Это стихотворение – по форме – соответствует одновременно рефлексирующему Я и ребенку: первая строфа превращает лежащий в ее основе амфибрахий как раз в ту подпрыгивающую и спотыкающуюся мелодию («бежит, спотыкаясь»), которую выстукивает палкой ребенок. Вторая строфа, заключающая в себе рассуждения лирического Я, контрастирует с первой, поскольку строго выдержана в равномерном амфибрахии. В стихотворении представлены в обеих строфах – на ритмическом уровне, – как ребенок, то есть творческая инстанция, так и рефлексирующее Я. Вместе они образуют единство: человека – или стихотворения – как целостности. Соответственно, обе строфы заканчиваются строкой, где представлена одинаковая последовательность ударных гласных фонем, которая символически выражает целостность и завершенность: О‑А‑О, омега (конец) объемлет альфу (начало).

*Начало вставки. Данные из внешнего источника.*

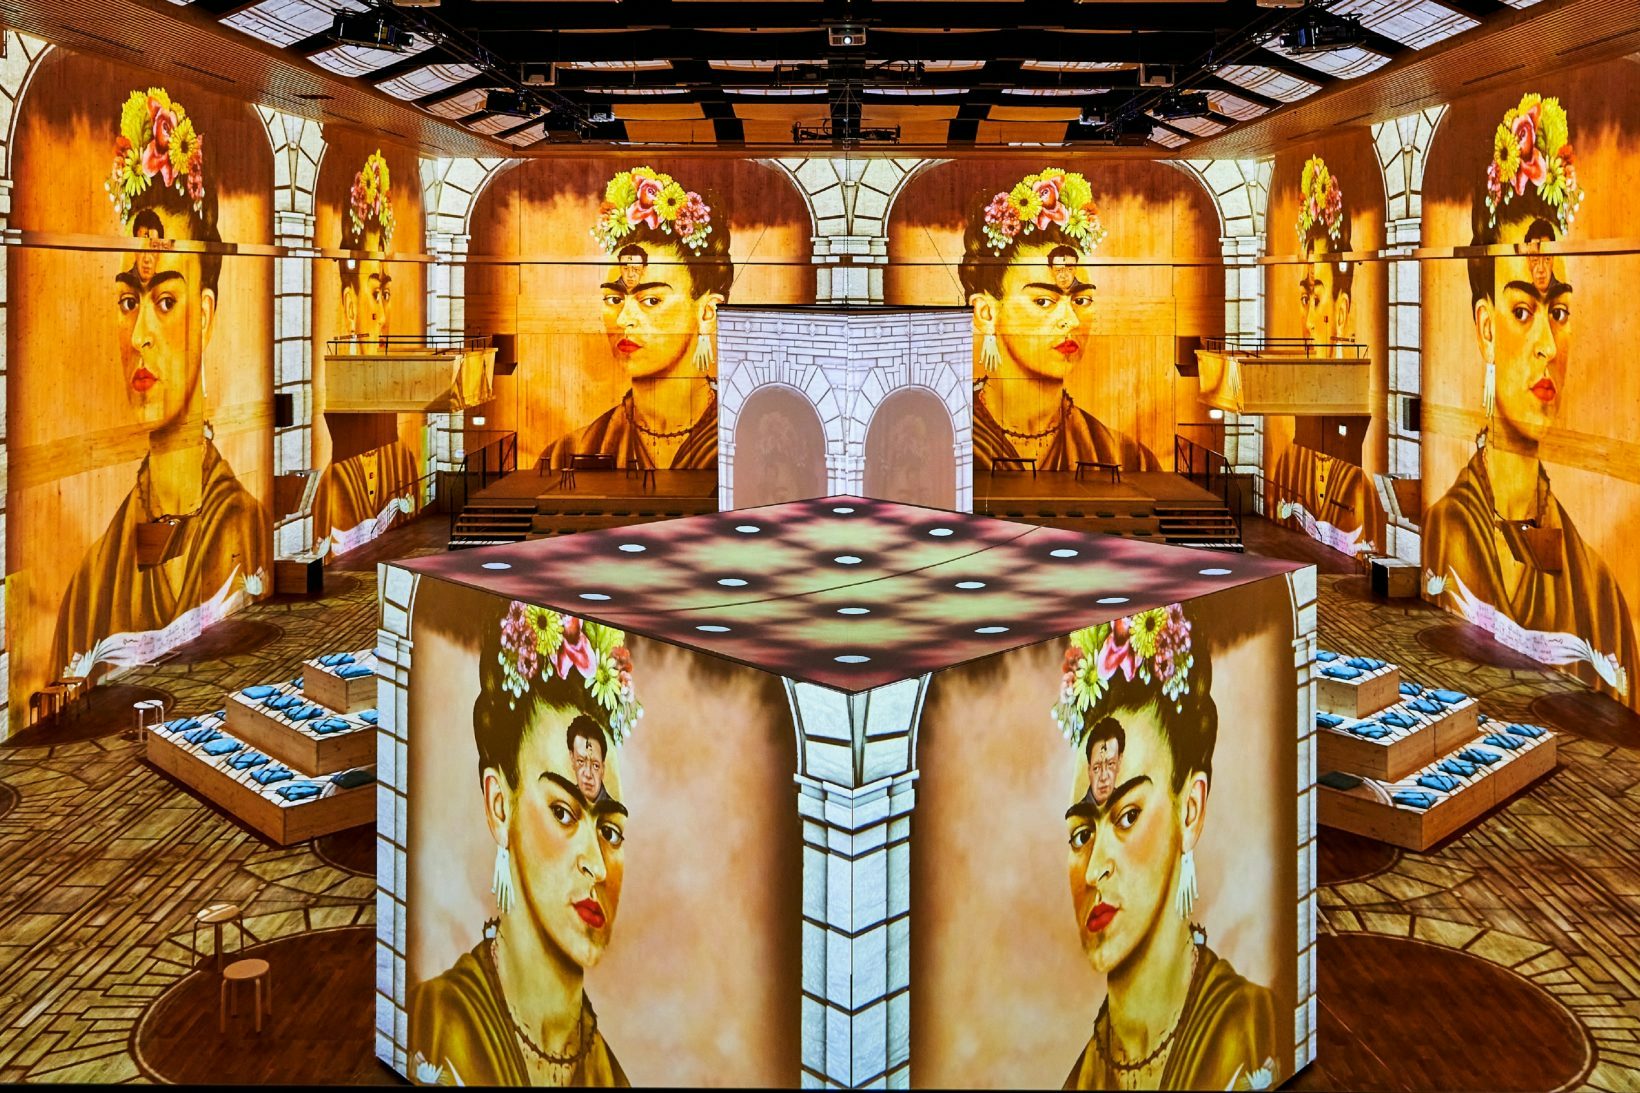 Frida Kahlo: her battles that resonate beyond her art

Это стихотворение, следовательно, выражает антропологическую гипотезу о наличии в человеке некоей бессмертной инстанции, не укладывающейся в пределы его рефлексирующего сознания. Однако наделенное воображением сознание поэта способно увидеть эту глубинную сущность – а значит, сущность человека вообще – и воспроизвести ее в форме поэтического произведения. Поэтическое Я (оно не становится эксплицитным, оно соответствует концепции «абстрактного автора» в теории повествования[329]) находится в аналогии к играющему ребенку в созерцании рефлексирующего лирического Я, в то время как само стихотворение находится в соответствии с «веселым мотивом».

Итак, поэзия – если судить по этому стихотворению Седаковой – не только свидетельствует о существовании некоего духовного сущностного ядра, но и позволяет ему присутствовать в самом творчестве. Поэтическое творчество охватывает как смертное, так и бессмертное начала человеческой личности, а потому выходит за пределы рефлексии лирического Я. Это стихотворение, следовательно, написано не просто о духовности человека, но скорее из опыта непосредственного переживания таковой, поскольку позволяет ей присутствовать в самой форме и, значит, быть перформативно‑действенной. В более позднем стихотворении из цикла «Начало книги», «Ничто»[330], лирическое Я размышляет о таком опыте теперь уже в явно выраженной форме: если души не коснулись, как они прикасались к Лазарю, силы возрождения, то ей лучше молчать: «душа моя! молчи, / пока тебя это не коснулось» (1: 400)[331].

 


Дата добавления: 2018-10-26; просмотров: 198; Мы поможем в написании вашей работы!

Поделиться с друзьями:






Мы поможем в написании ваших работ!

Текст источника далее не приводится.